(Problem to work on)
Could you give again exactly, and only, the lines from the one holding "Maurizio Arrivabene se" through the end of the data, both ends included, with pictures left out?

(Given information)
^^^^^^^^

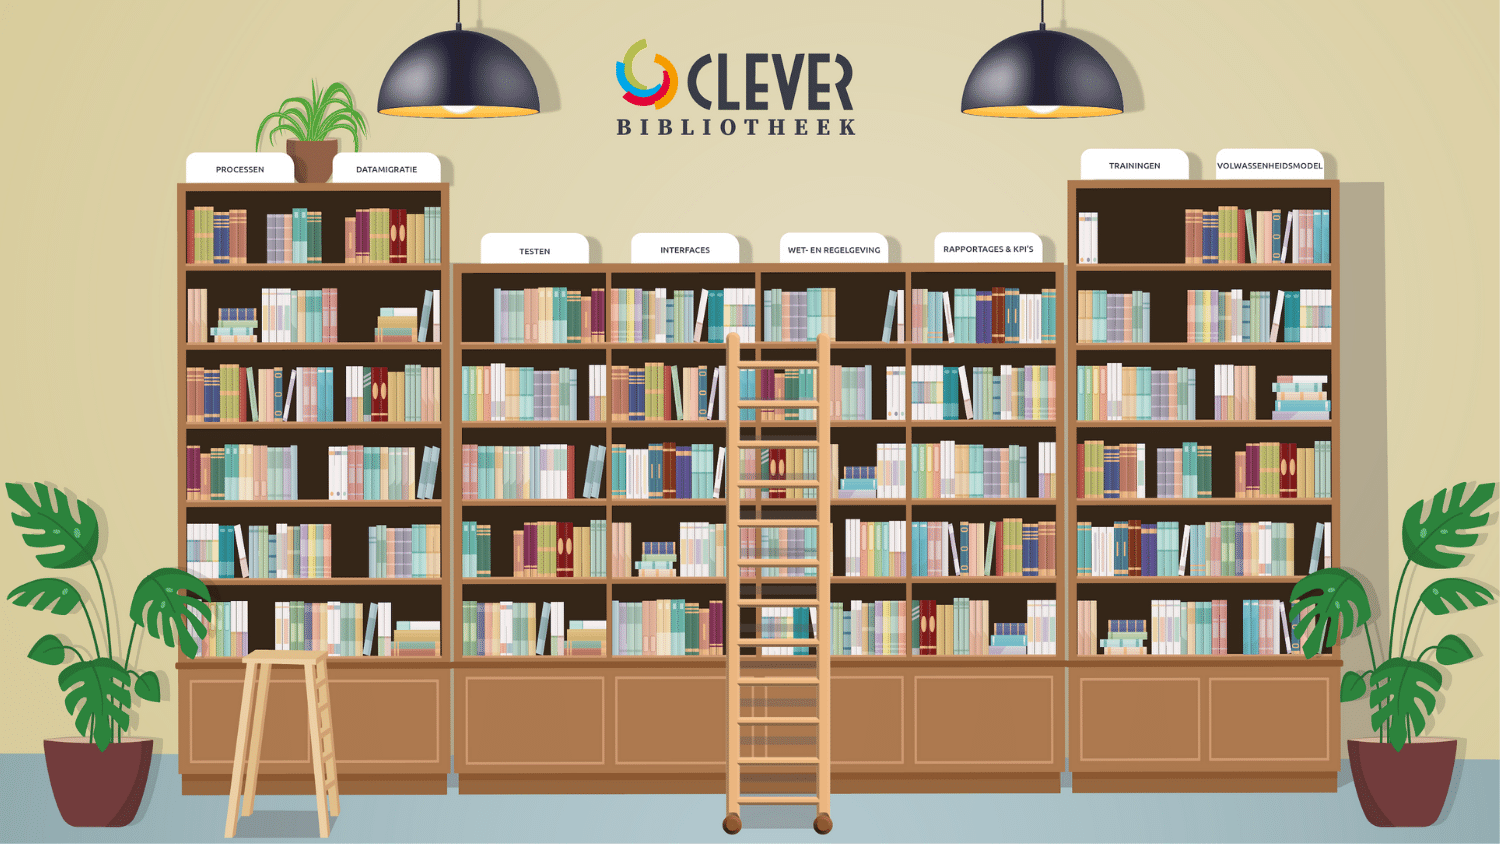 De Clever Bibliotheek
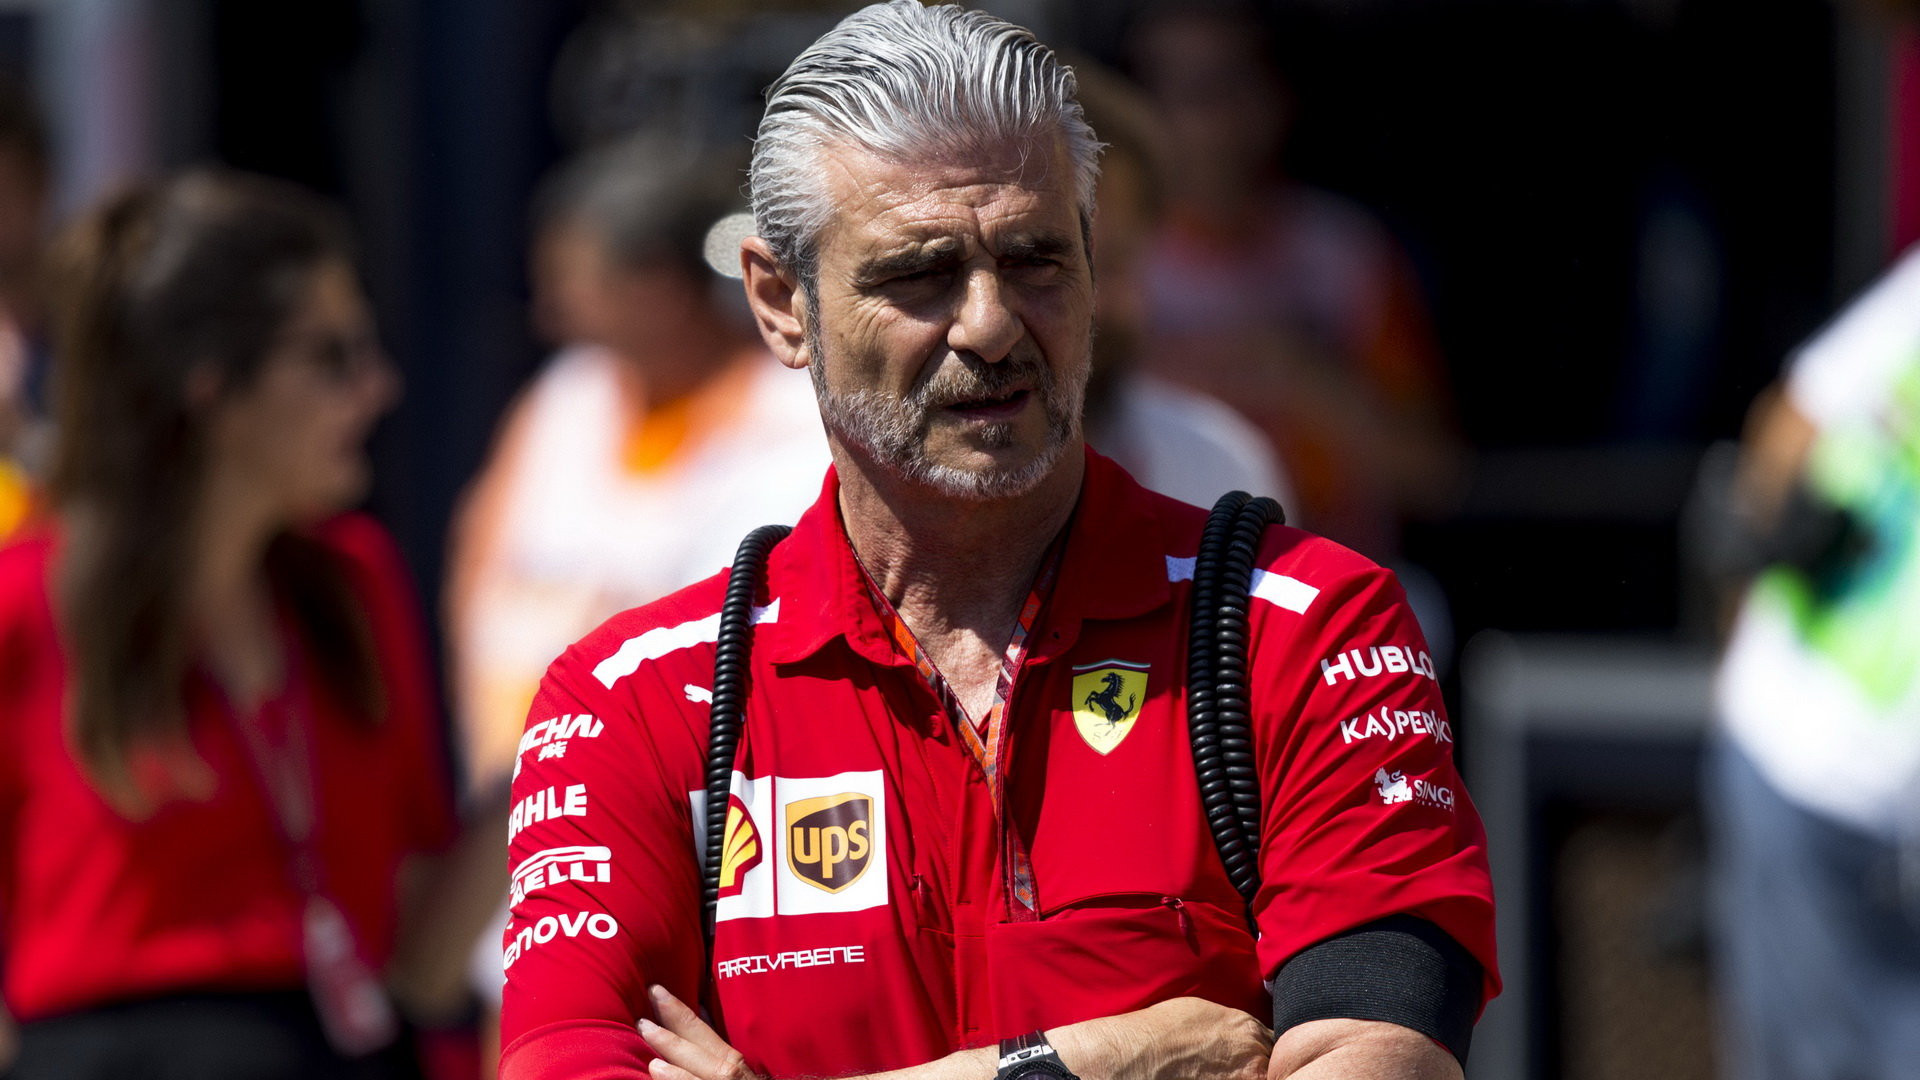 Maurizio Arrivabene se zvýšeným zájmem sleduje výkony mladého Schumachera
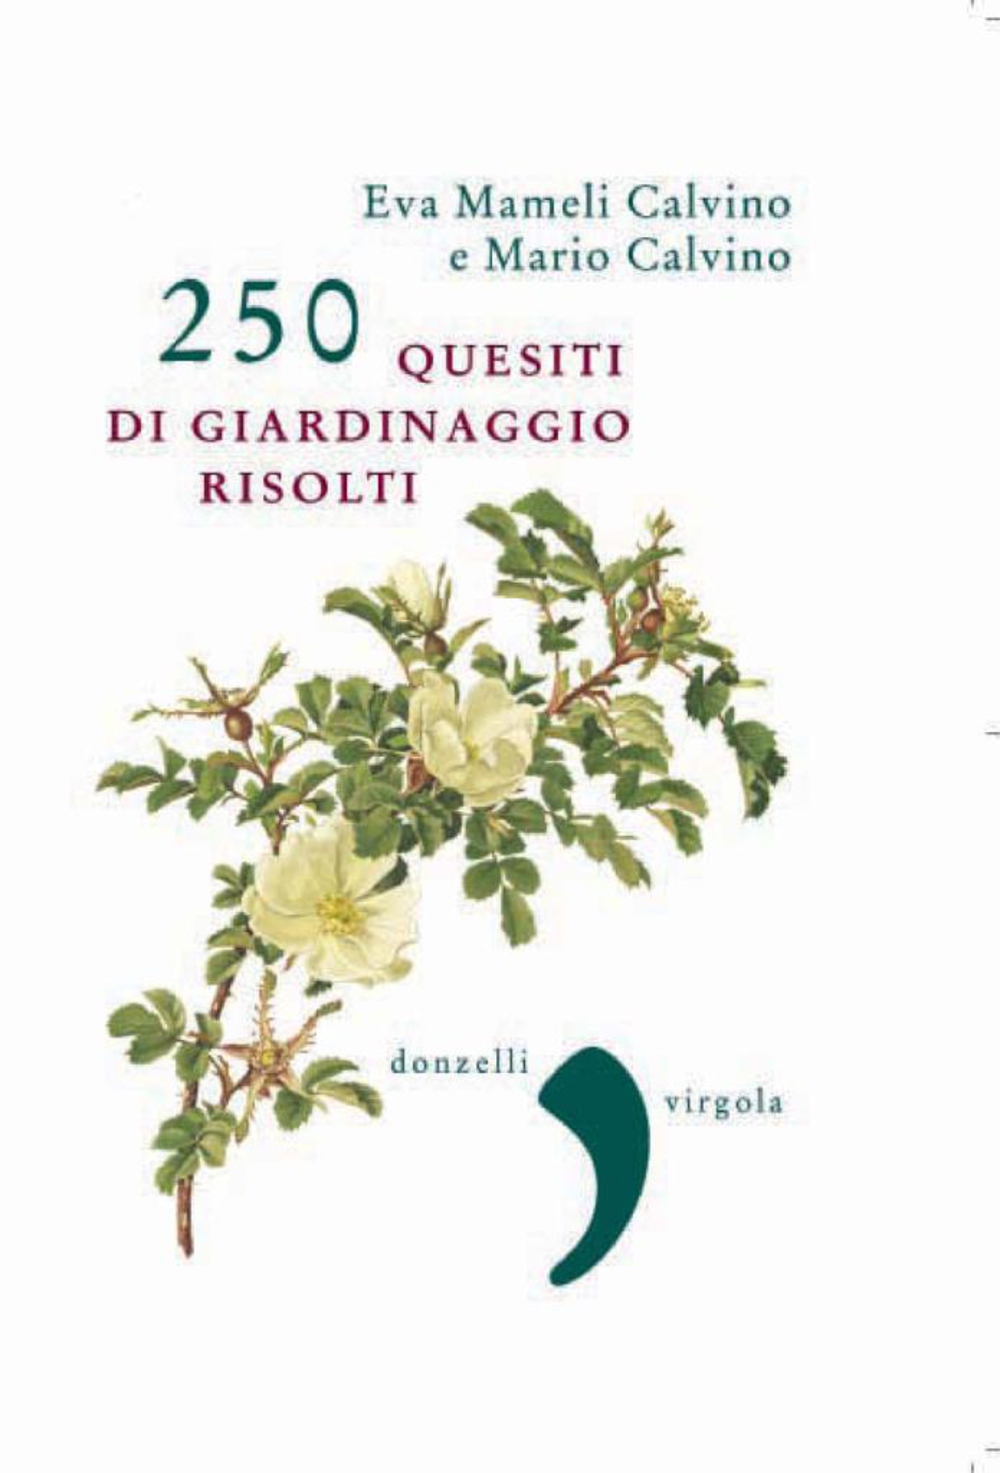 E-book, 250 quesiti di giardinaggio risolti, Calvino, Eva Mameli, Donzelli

^^^^^^^^

(Solution below)
 Maurizio Arrivabene se zvýšeným zájmem sleduje výkony mladého Schumachera
 E-book, 250 quesiti di giardinaggio risolti, Calvino, Eva Mameli, Donzelli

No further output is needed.